Patrick Quillin, Ph.D., says that in his experience with cancer patients, those who took aloe before and during radiation therapy had minimal damage of healthy tissue while still getting the effect from the radiation treatment. Dr. Quillin says that the mannan contained in aloe is an immune stimulant and aids in cellular communication. Aloe contains many beneficial nutrients such as phytochemicals, acemannan, beta-carotene, amino acids, calcium, folate, iron, magnesium, phosphorus, potassium, zinc, and vitamins A, B1, B2, B3, C and E, just to name a few! 2
How Do You Use Fresh Aloe?
The pulp inside the Aloe leaves is where the healing properties of the plant are contained. You can use your own fresh aloe. (If you don’t have an aloe plant, you may be able to find a friend or neighbor that would give you a piece of theirs, or even give you your own plant to grow.) Cut off one of the leaves, after it is cut let it stand for a minute to let the darker goo drip out. Then wash it, slice it open, and scoop out the pulp. The pulp can be applied directly to the affected area of the body, or blended into water, juices or smoothies to be taken internally.
Homemade Aloe Recipes
What About Store-Bought Aloe?
Fresh aloe is best, but if you prefer to buy a commercial product, choose one that contains no mineral oil, paraffin waxes, alcohol or coloring. 2 The processing makes a difference as well.
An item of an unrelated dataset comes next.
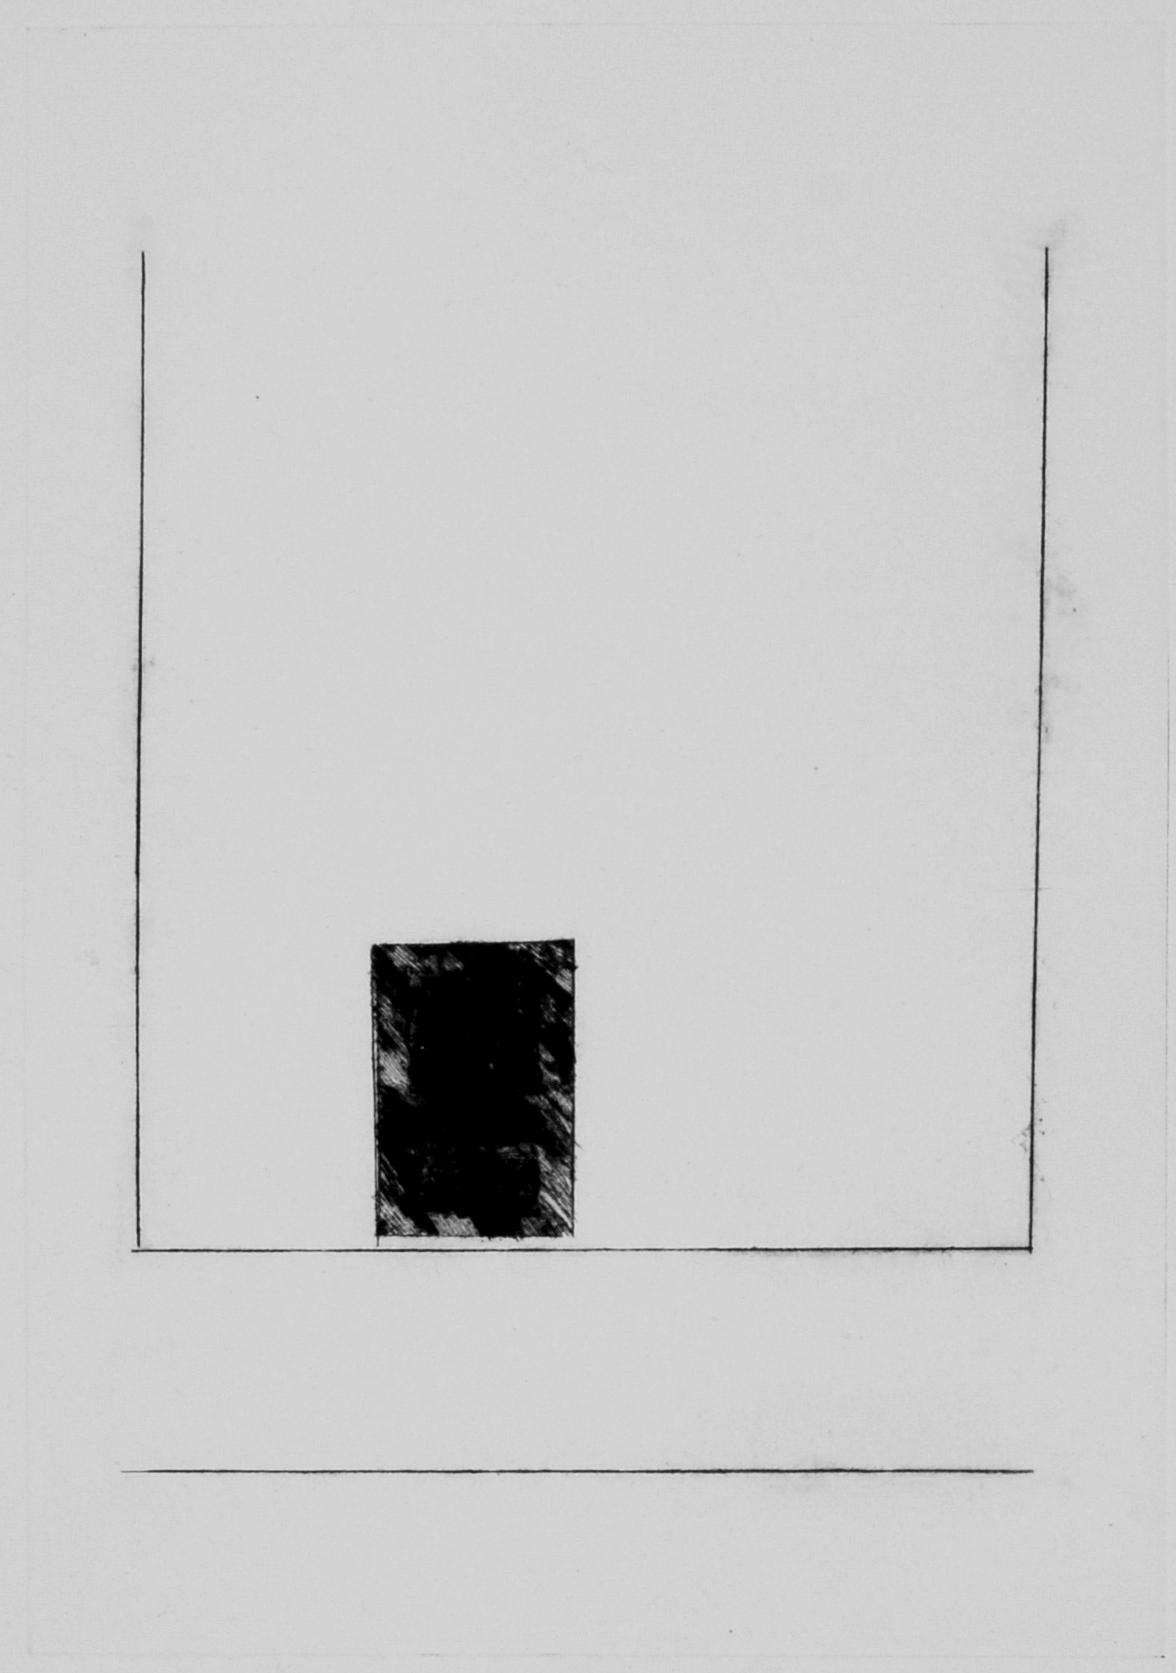 12.04_PORTES_EXPOSITION_IMAGES_GRAVURES_07

The longer the aloe is cut, the more of its healing properties are lost. Look for organic, cold processed aloe.
What has been your healing experience with aloe? Do you have any great recipes for bath and body products using aloe? Please share!
1. www.herballegacy.com/Baldwin_History.html. Baldwin, Gertrude . History of Aloe.
2. Balch, Phyllis A. Prescription for Nutritional Healing. New York, 2006.